A backlight panel comprising:

The light guide plate, the light source is located on the side of the light guide plate, the light guide plate includes a first microstructure located on the upper surface, lower surface or inside of the light guide plate, and the first microstructure has first units distributed periodically, causing the light beam emitted by the light source to be scattered to the outside of the light guide plate through the first microstructure; and

The optical film stacked with the light guide plate, which includes a second microstructure located on the surface of the optical film, the second microstructure has second units periodically distributed, scattered to the light guide plate by the first microstructure The external light beam is transformed into the first collimated light beam by the second microstructure.

Preferably, in the above device, the first unit is one of a microprism, a microlens, a free-form surface lens or a pit.

Preferably, in the above device, the second unit is one of a microlens, a Fresnel lens or a film lens.

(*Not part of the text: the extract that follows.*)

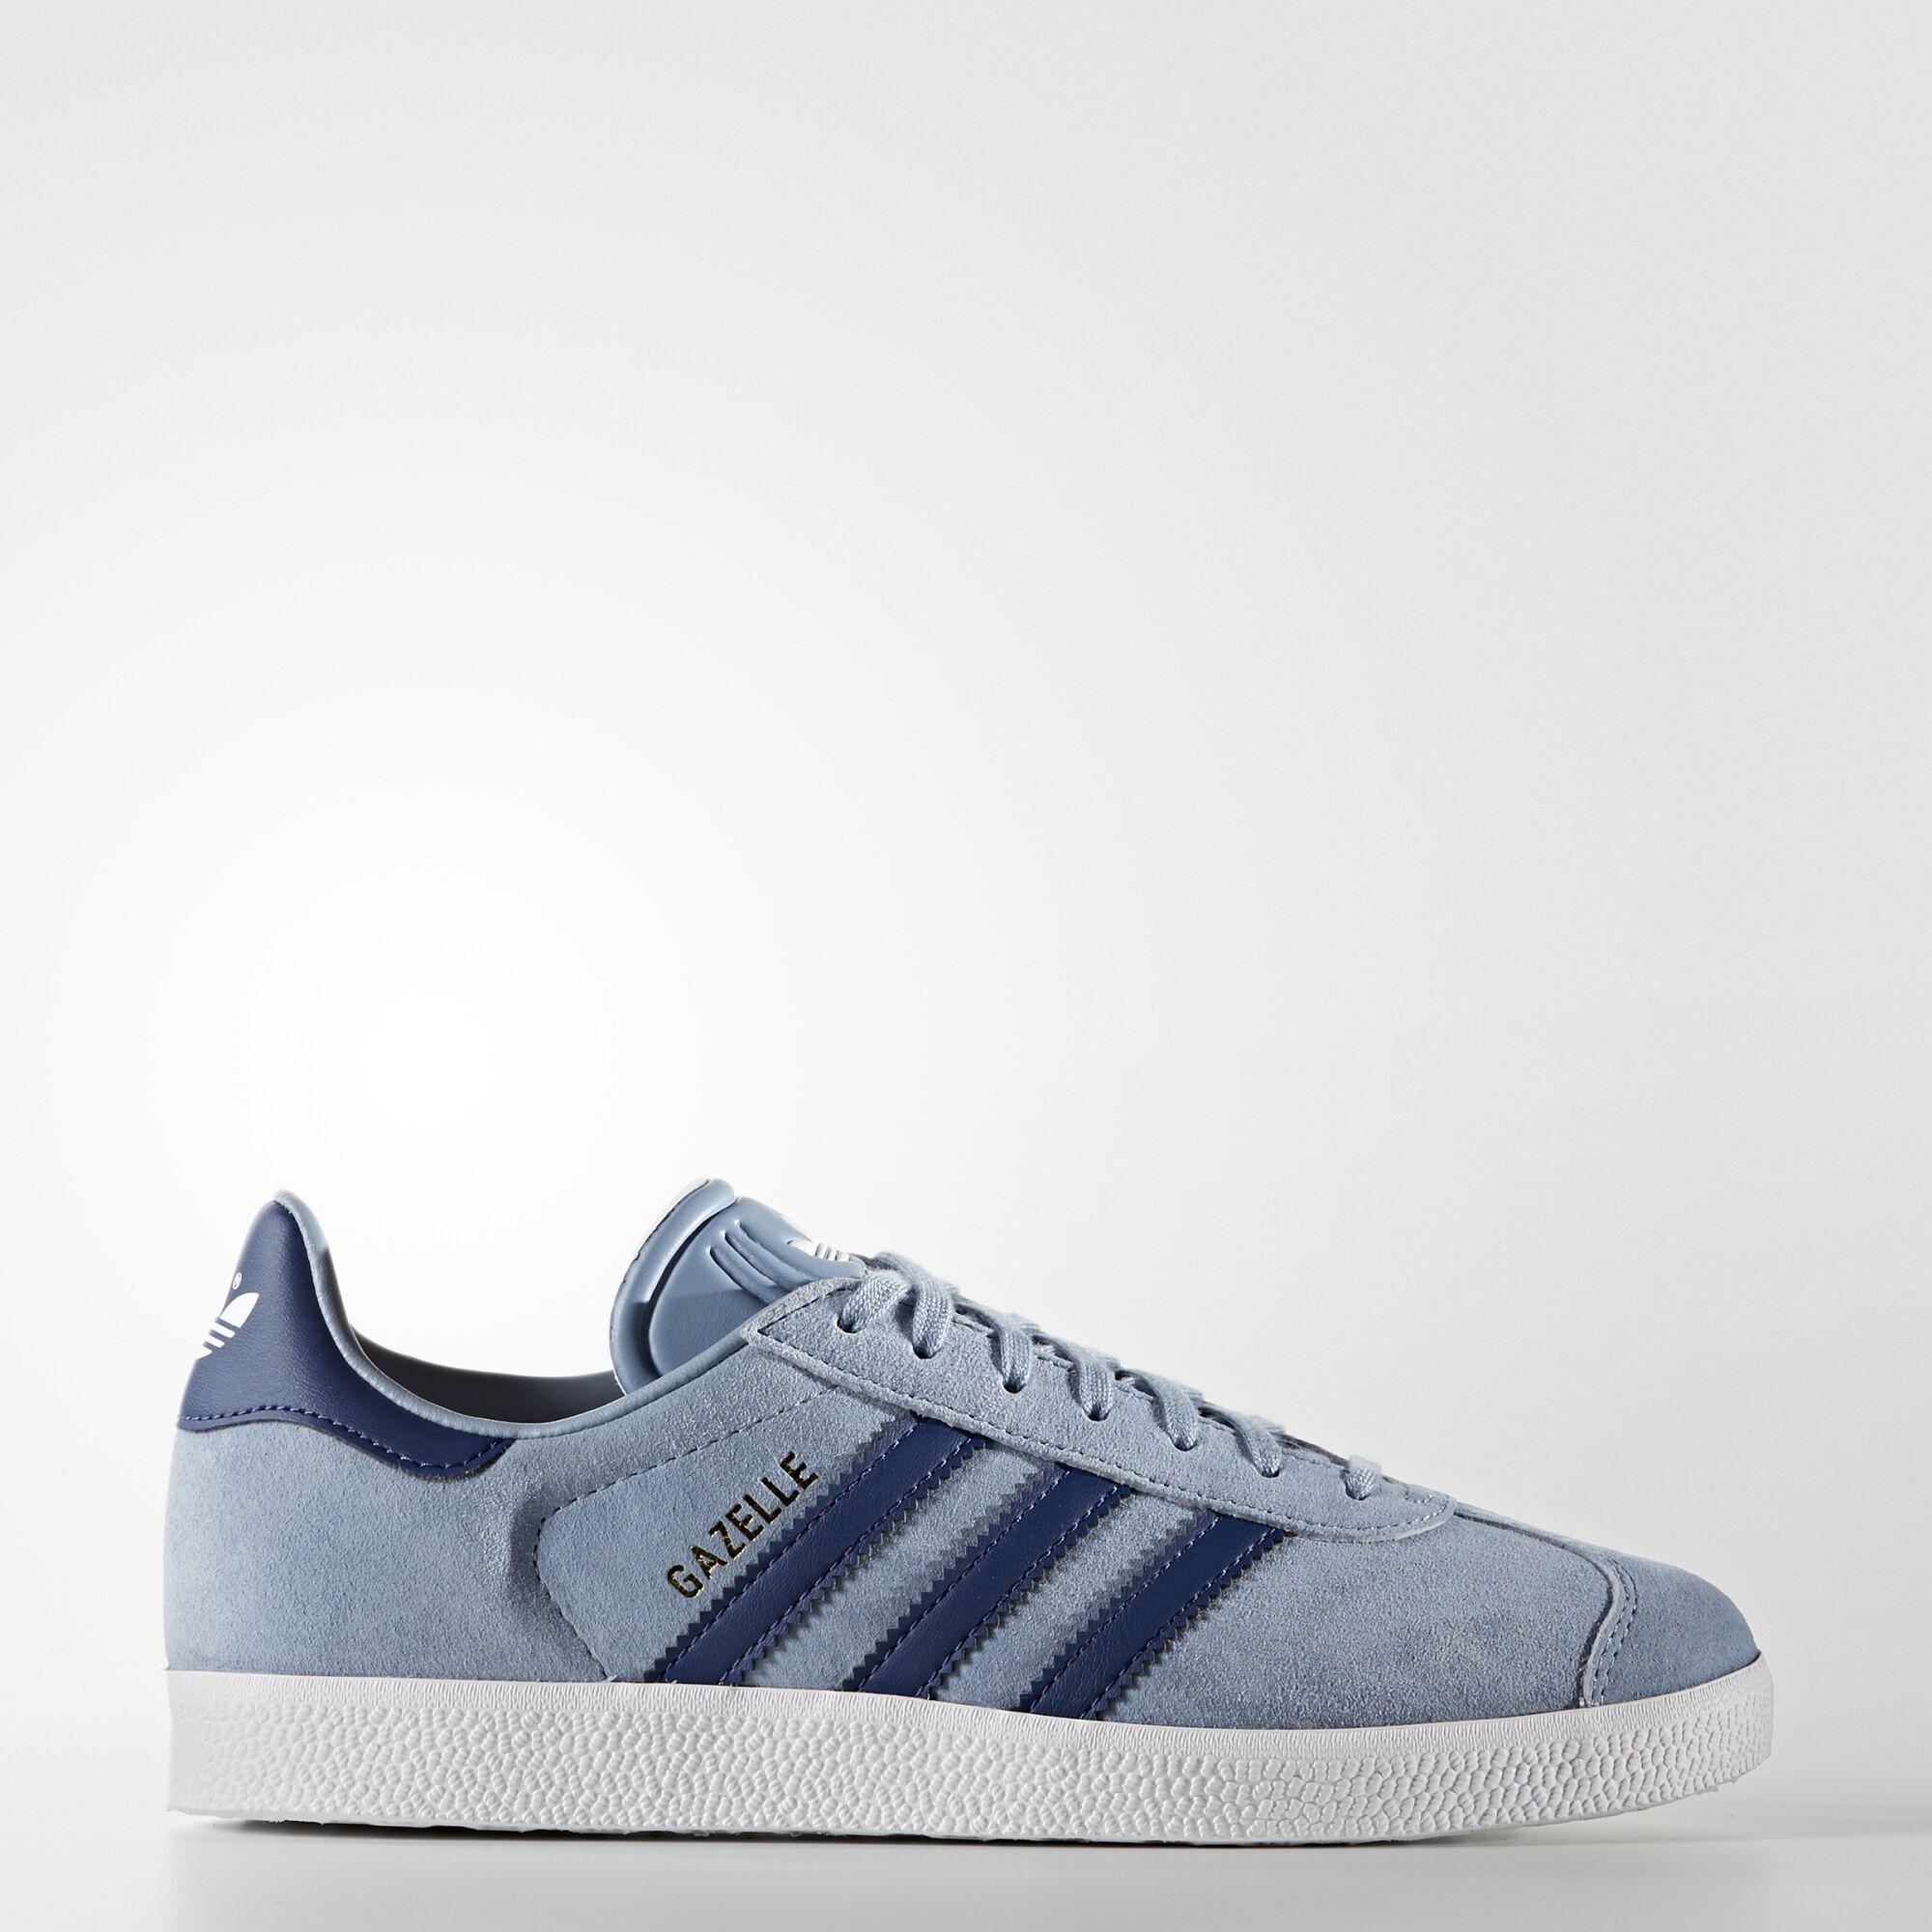 07a2445637a Buy adidas gazelle light blue   OFF62% Discounted

Preferably, in the above device, the backlight further includes a shading plate, which includes a shading structure corresponding to the first microstructure and the second microstructure to filter out stray light emitted from the second microstructure .

Preferably, in the above device, one of the following positions: between the light guide plate and the optical film, inside the light guide plate, and inside the optical film.

Preferably, in the above device, the light source is an LED line array light source.

Preferably, in the above device, the spatial light modulator is a liquid crystal display unit.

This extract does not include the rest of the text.